Profit margins in China’s crude oil refining sector plunged 42% in 2019 from a year earlier, said the China Petroleum and Chemical Industry Federation (CPCIF).
The federation said this is the steepest fall in five years and warned that overcapacity is a growing problem.
Some small- and medium-sized refineries were also likely face financial pressure from a fall in sales and a rise in inventory amid the coronavirus outbreak, said CPCIF, adding that the impact would be mainly felt in the first quarter.
The flu-like epidemic had killed 4,7163 people and infected more than 127,863 globally.
“For the full year and longer term, overcapacity will still be the dominant issue in the industry,” CPCIF vice chairman Fu Xiangsheng said at a press briefing.

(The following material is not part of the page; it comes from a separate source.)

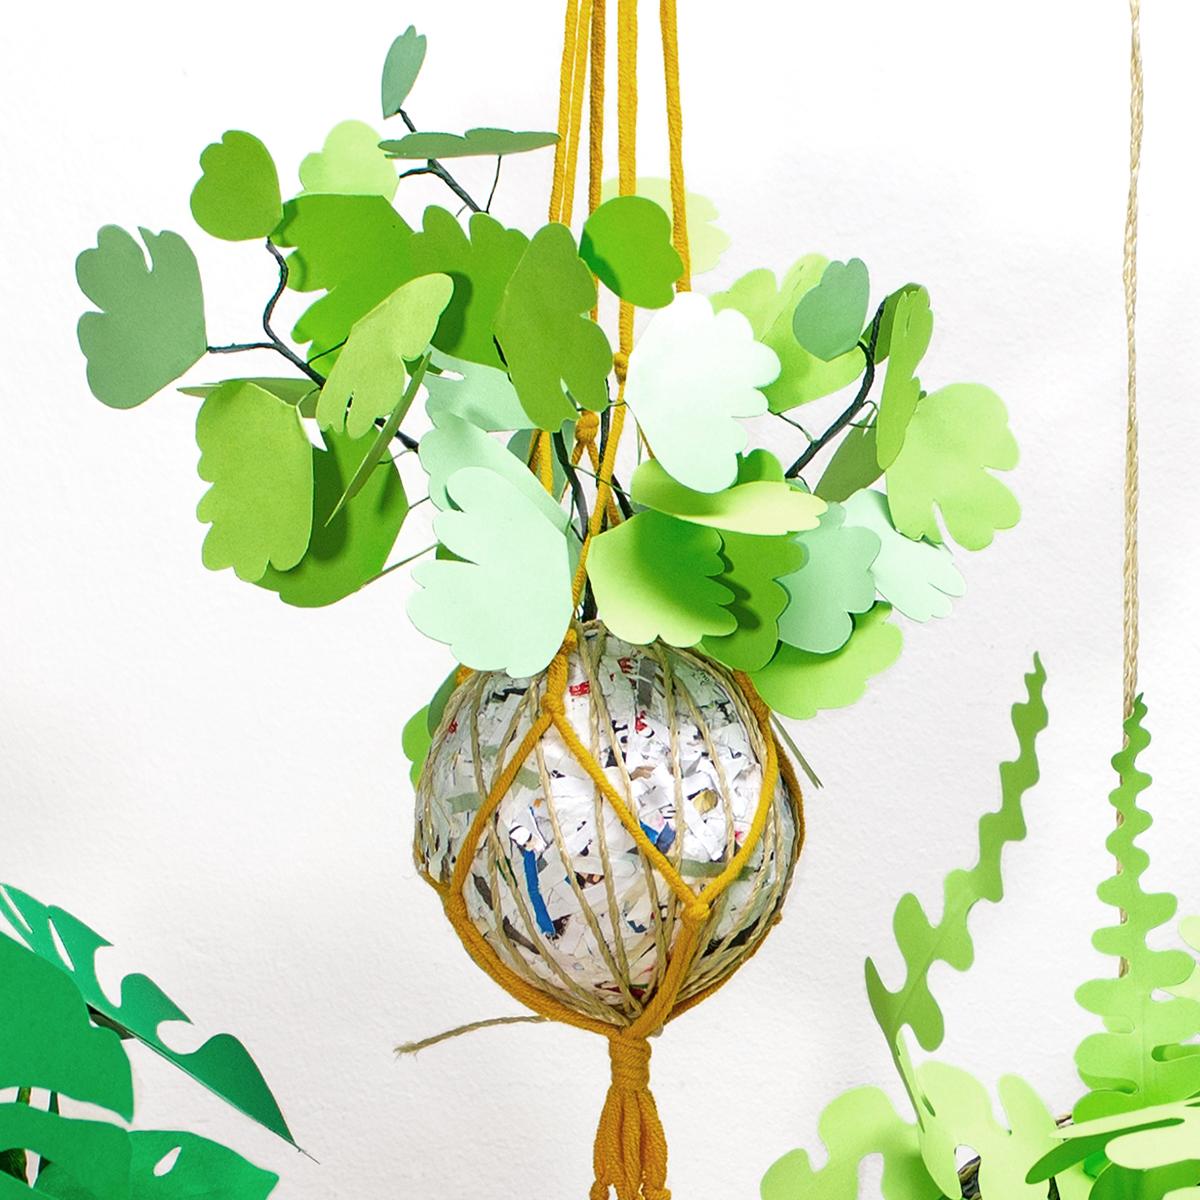 jungla, plantas de papel. kokedama helecho1

Increasing capacity in China and weak domestic demand, fuelled in part by the Sino-US trade war, led to a surge in refined product exports to the rest of Asia in 2019, helping to depress prices across the region, he said.
China boosted its annual crude oil refining capacity by 3.4% in 2019 to 860 million tonnes, equal to 17.2 million barrels per day.
It is expected to add another 27 million tonnes, or about 3.1%, of refining capacity in 2020.
“We have growing concerns over the overcapacity issue,” Fu said. “With the launch of the integrated refining projects, production and sales rose but profits fell.”
The total profit for China’s petroleum and chemical industry was $95.9bn in 2019, down 14.9% from 2018 level, according to CPCIF.